Given a transaction database as a global set of transactions and its local database obtained by some conditioning to the global one, we consider a pair of itemsets whose degrees of correlations are higher in the local database than in the global one. A problem of finding paired itemsets with high correlation in one database is known as Discovery of Correlation, and some algorithms to search for such characteristic paired itemsets are already proposed. However, even non-characteristic paired itemsets in the local database are also meaningful, provided the degree of correlation increases much higher in the local database than in the global one. They can be an implicit and hidden evidence showing that something particular to the local database occurs even though they are not yet realized as characteristic ones in the local. From this viewpoint, we have already proposed to measure the significance of paired itemsets by the difference of two correlations before and after the conditioning to the local database, and define a notion of DC pairs whose degrees of differences of correlations are high. As DC pairs are regarded as compound itemsets consisting of two component itemsets, we can have two basic strategies for finding them. One strategy firstly examines the compound itemsets and then the components, while another one does the component itemsets and then the compound ones.
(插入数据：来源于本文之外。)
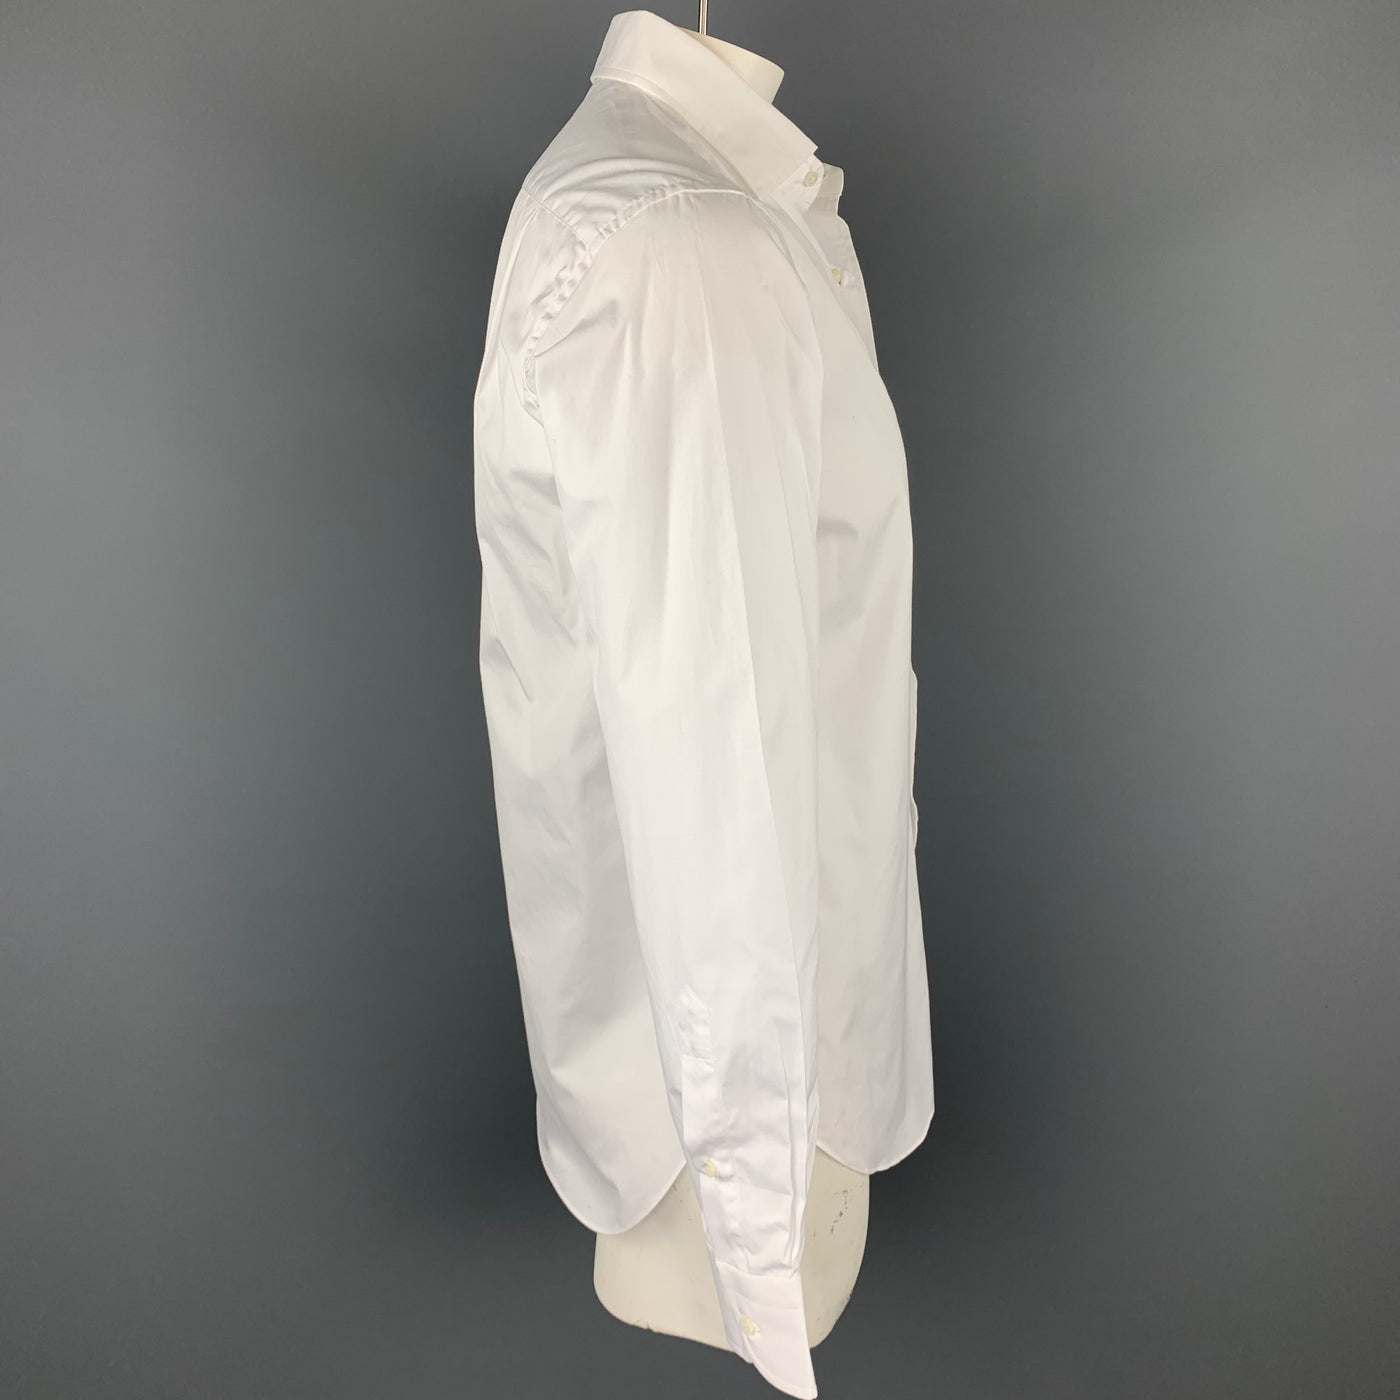 LORO PIANA Size L White Cotton Button Up Long Sleeve Shirt
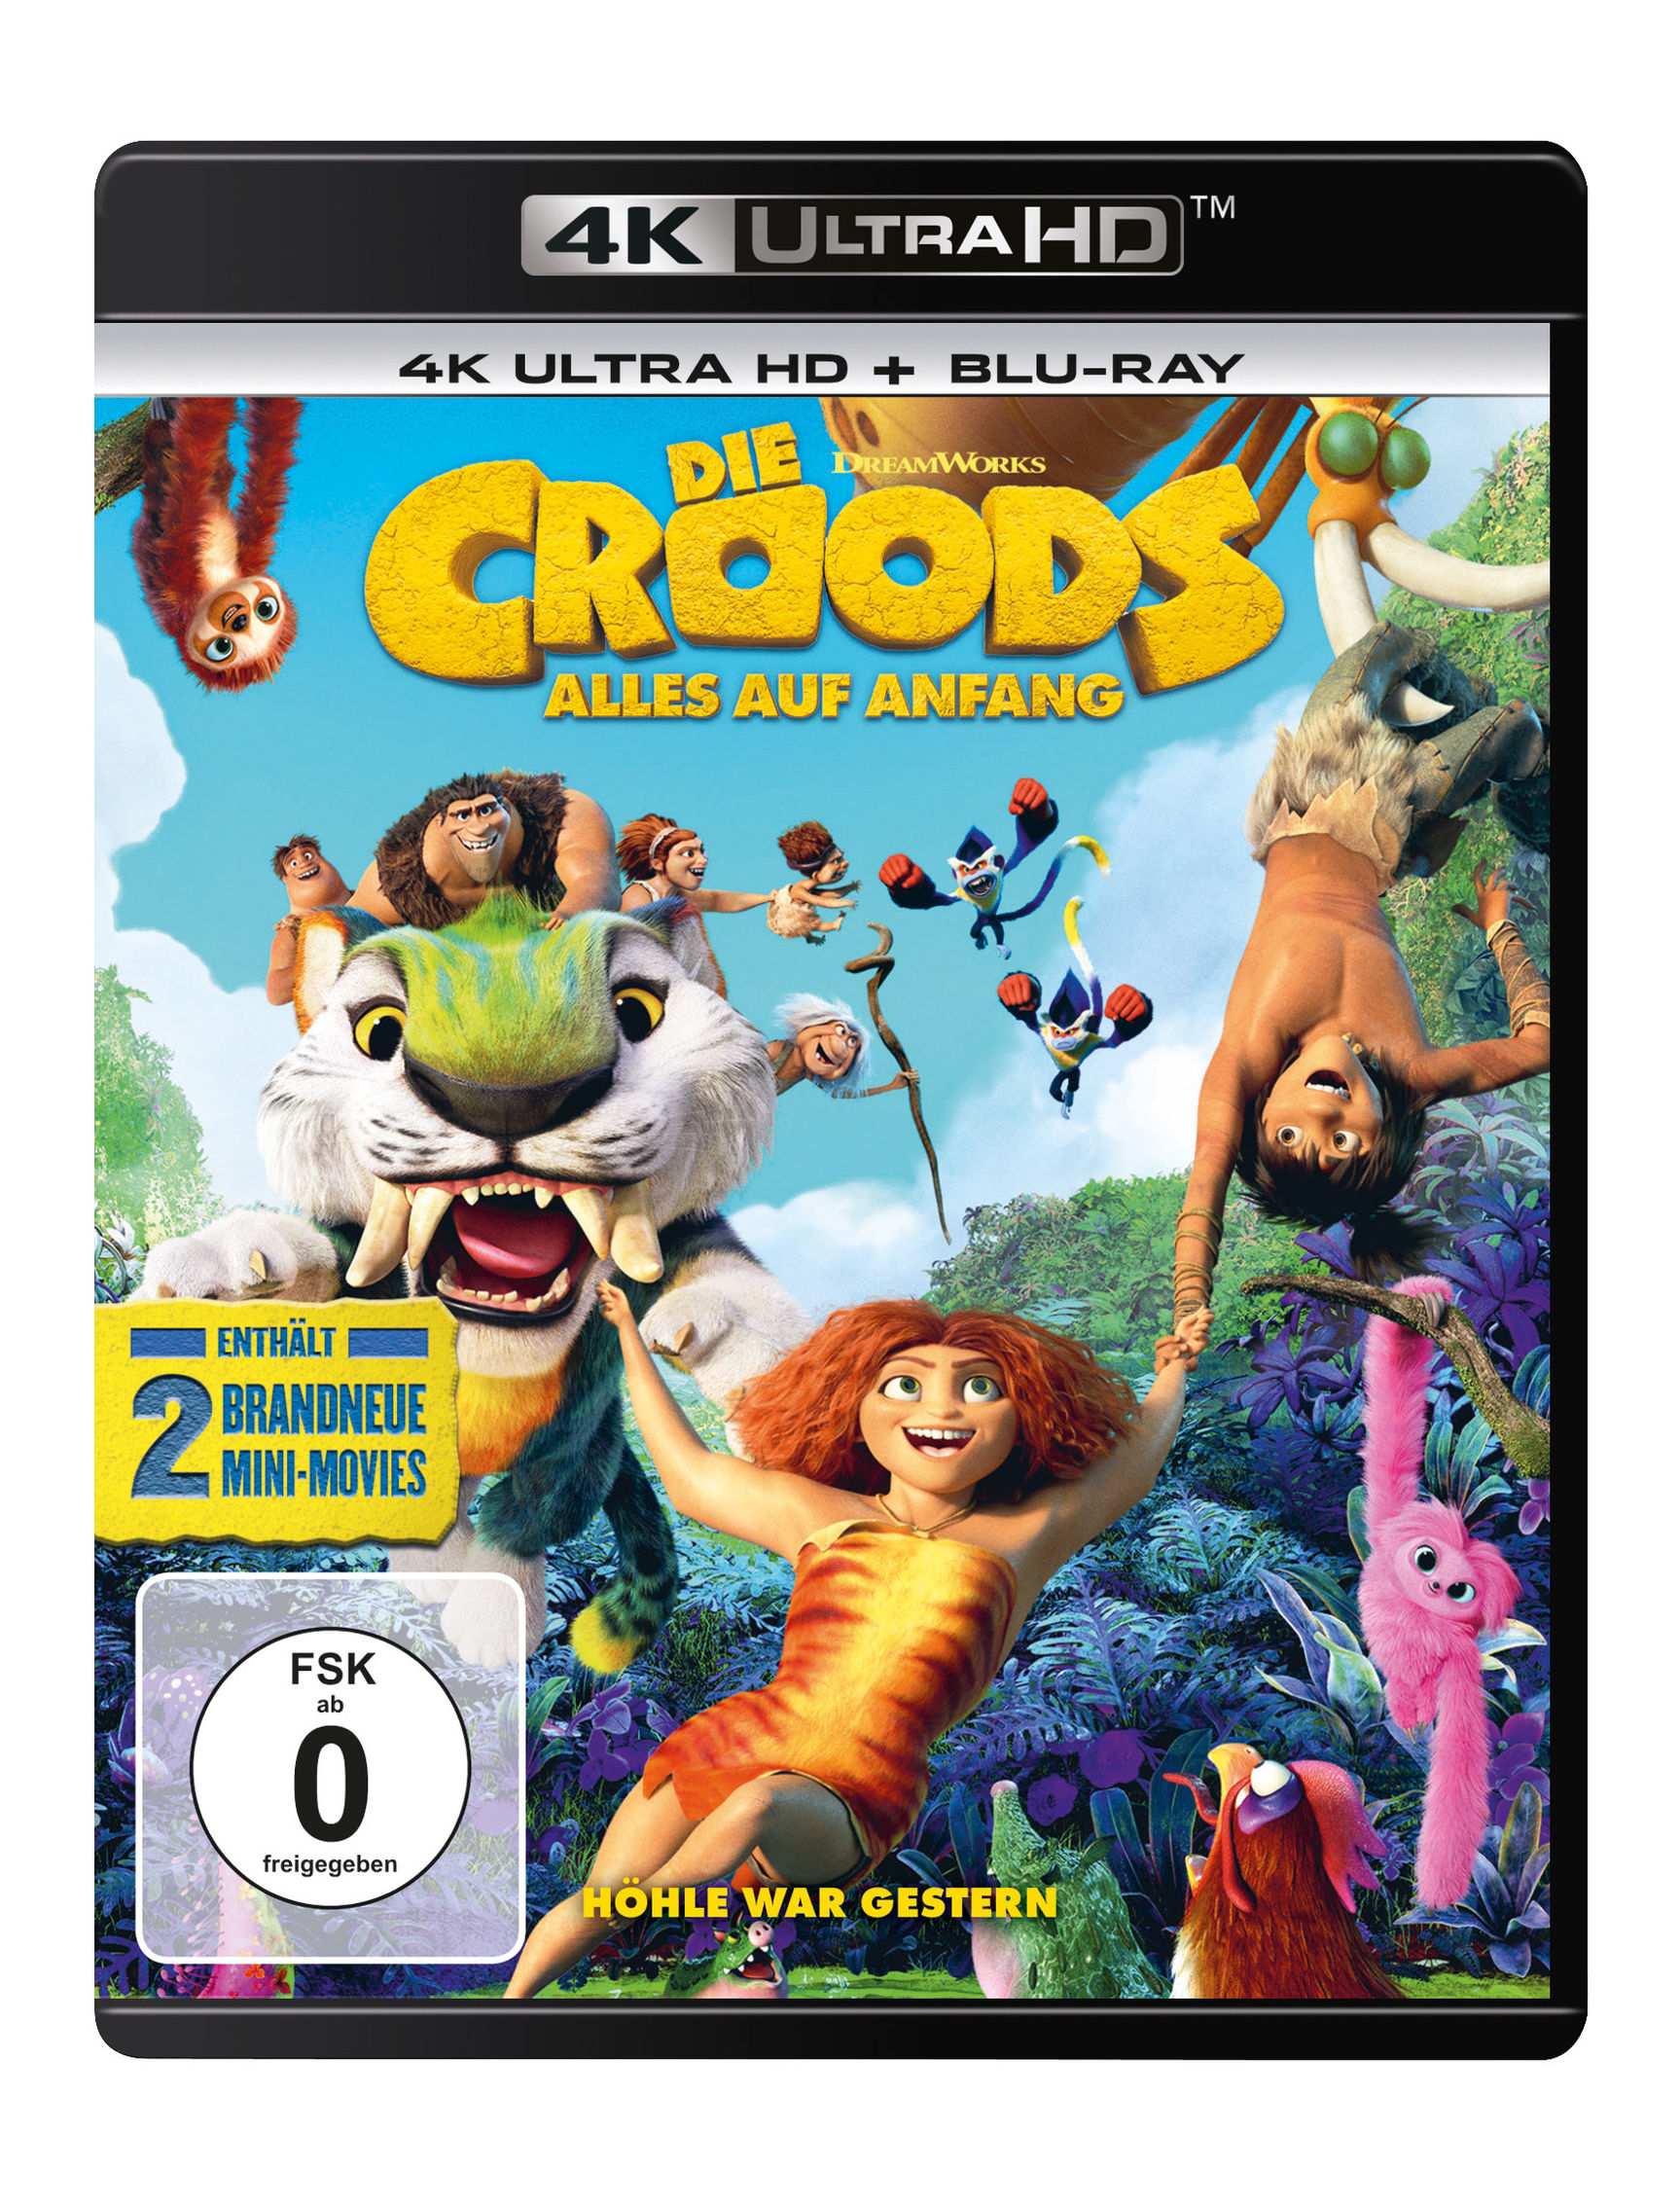 Die Croods - Alles auf Anfang 4K Ultra HD Blu-ray | Weltbild.de

According to the former strategy, which we have already proposed and tested for its effectiveness, we have to enumerate many number of candidate compound itemsets that cannot be decomposable to components. For this reason, this par per presents a new algorithm according to the second strategy. It firstly enumerate possible component itemsets based on a new pruning rule for cutting off useless components. Secondly it forms the compound item-sets by combining the components thus detected, while we also make use of a constraint for preventing our algorithm from checking meaningless combinations.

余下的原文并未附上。